The guy who wrote that article has very little clue about what he is talking about. Here's why. The synth is playing EXACTLY in the key of C#.
In that article, Peter Kirn contends that the keyboard intro was recorded in the key of C at a sample rate of 44.1KHz and the recording was accidentally played back at the wrong sample of 48Khz, placing the keyboard in the key of C#.
It looks good on paper, but in reality, that makes no sense. If you take and record a middle C(261.63 Hz) at 44.100Khz and play it back at 48Khz, the resulting note is about 285 Hz where C# is 277.18Hz. And because tonal intervals to our ears are logarithmic and not linear, 285Hz sounds much closer to D and it sounds NOTHING like C#.
What you have is a keyboard playing exactly in the key of C#. If you listen, Wolfie is also playing in C#. If the drums could play in key, they too would be playing in C#.
A sample rate error could have NEVER placed the keyboards in exactly C#. But that is where the keys are. And the keys are right on with the bass guitar.

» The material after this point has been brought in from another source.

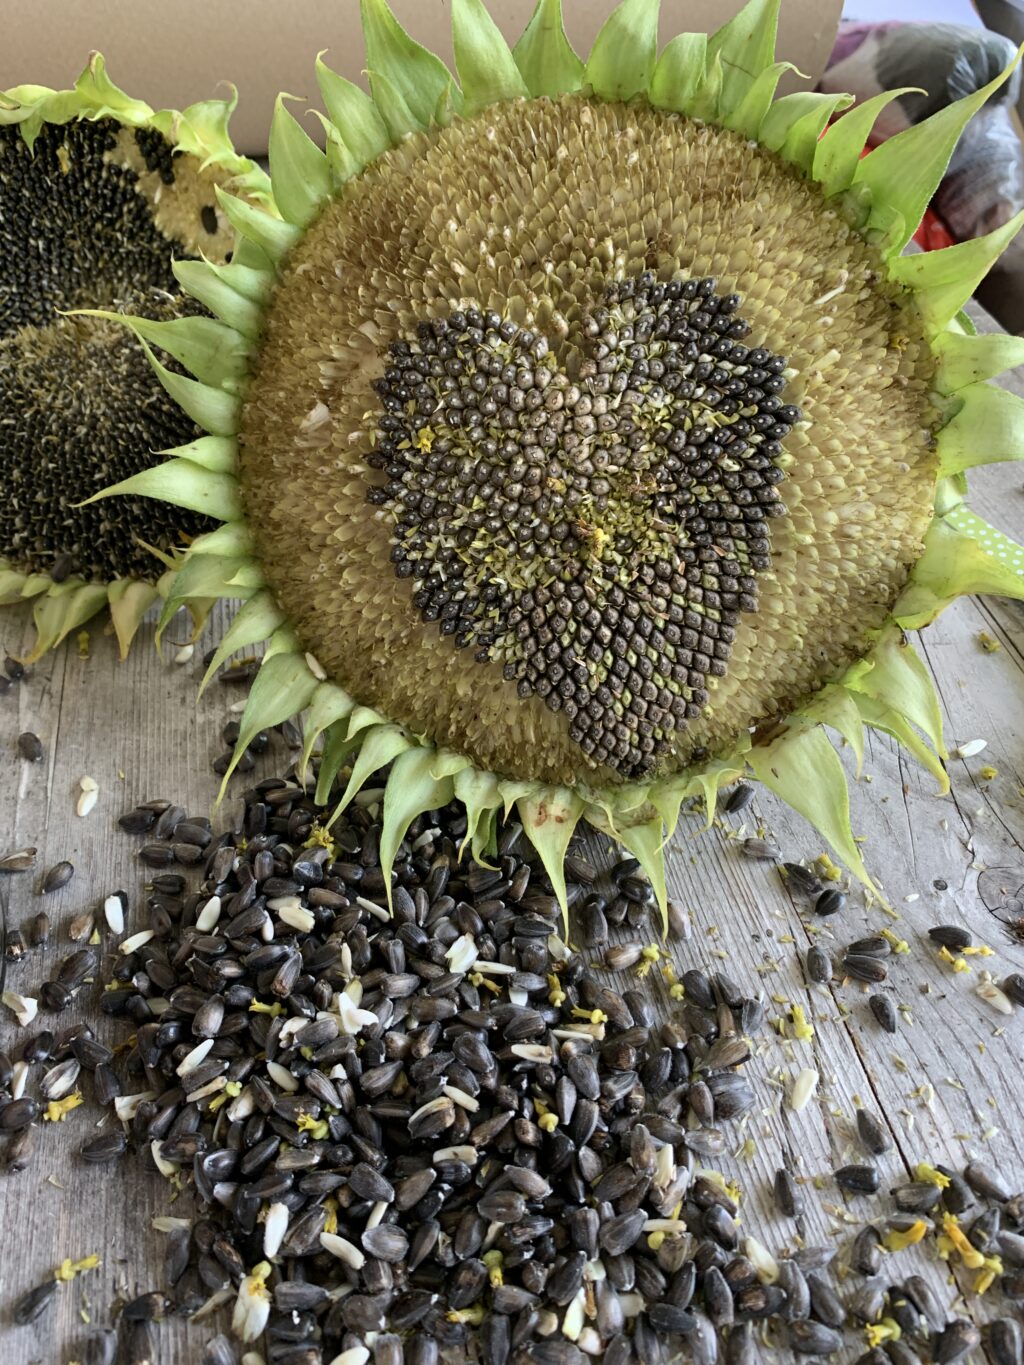 Seeds carefully harvested from a sunflower to leave a heart shape of untouched seeds in its centre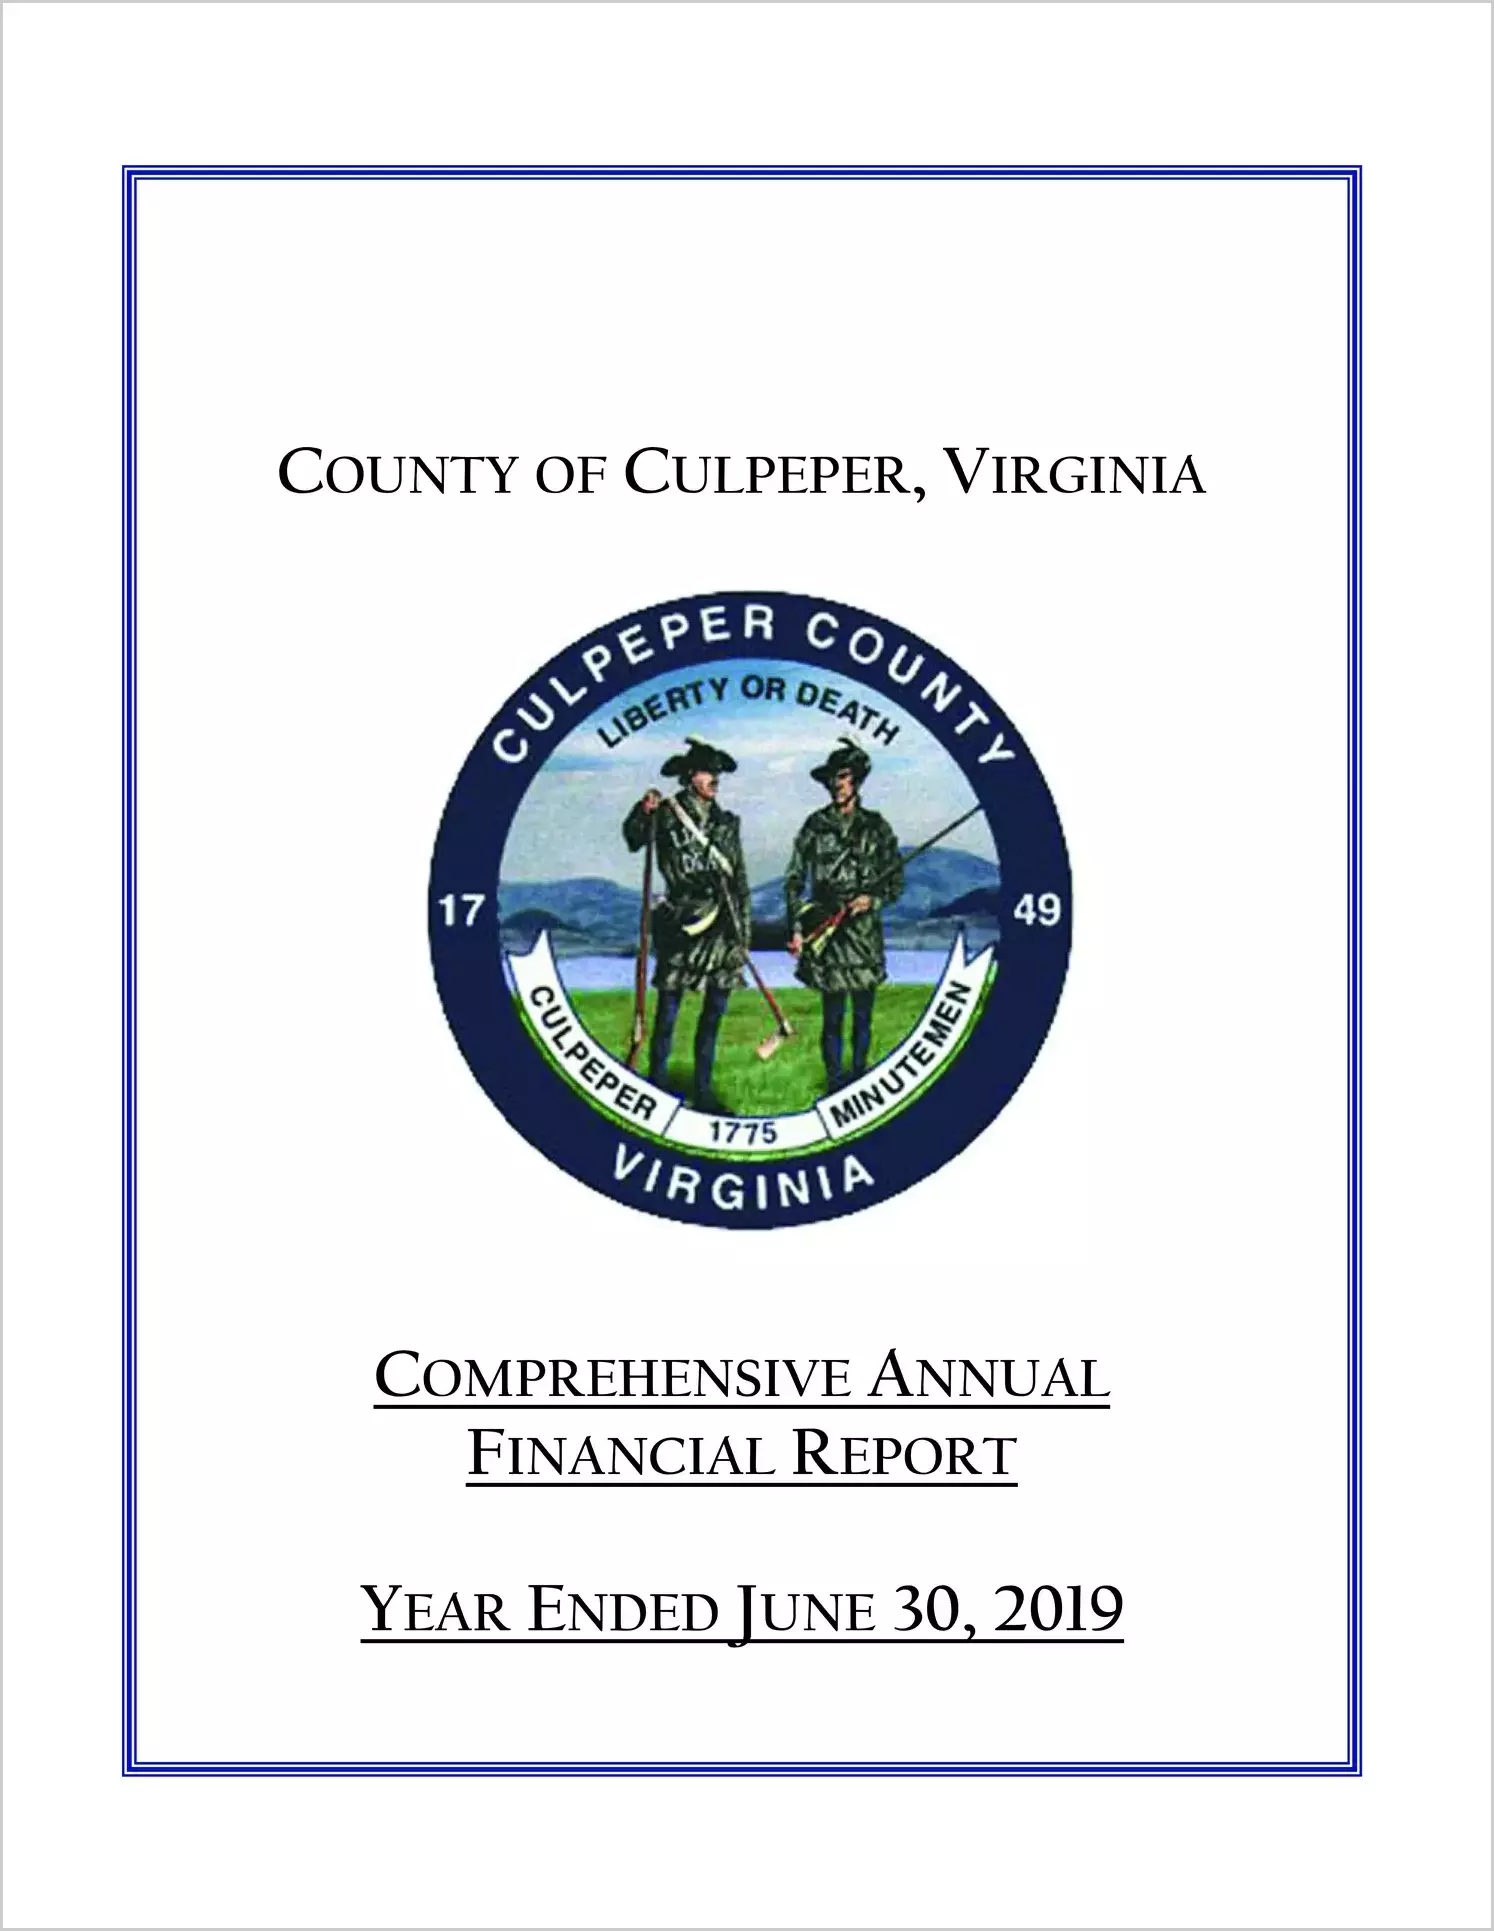 2019 Annual Financial Report for County of Culpeper

Van Halen ALWAYS plays "Jump" live, in the key of C#. In the studio, it was recorded in C and Eddie tuned 1/2 step down in the studio.
What happened? Eddie has a specific guitar that he uses for Jump. A guitar which is tuned to 440. Eddie either forgot to grab that guitar, or grabbed the wrong guitar.
Oops!
And another thing.... If you record in a digital format @ 44.1Khz, you cant accidentally play back the tape at 48Khz, because its the tape that contains the information that tells the playback deck where the sample rate is to be set at.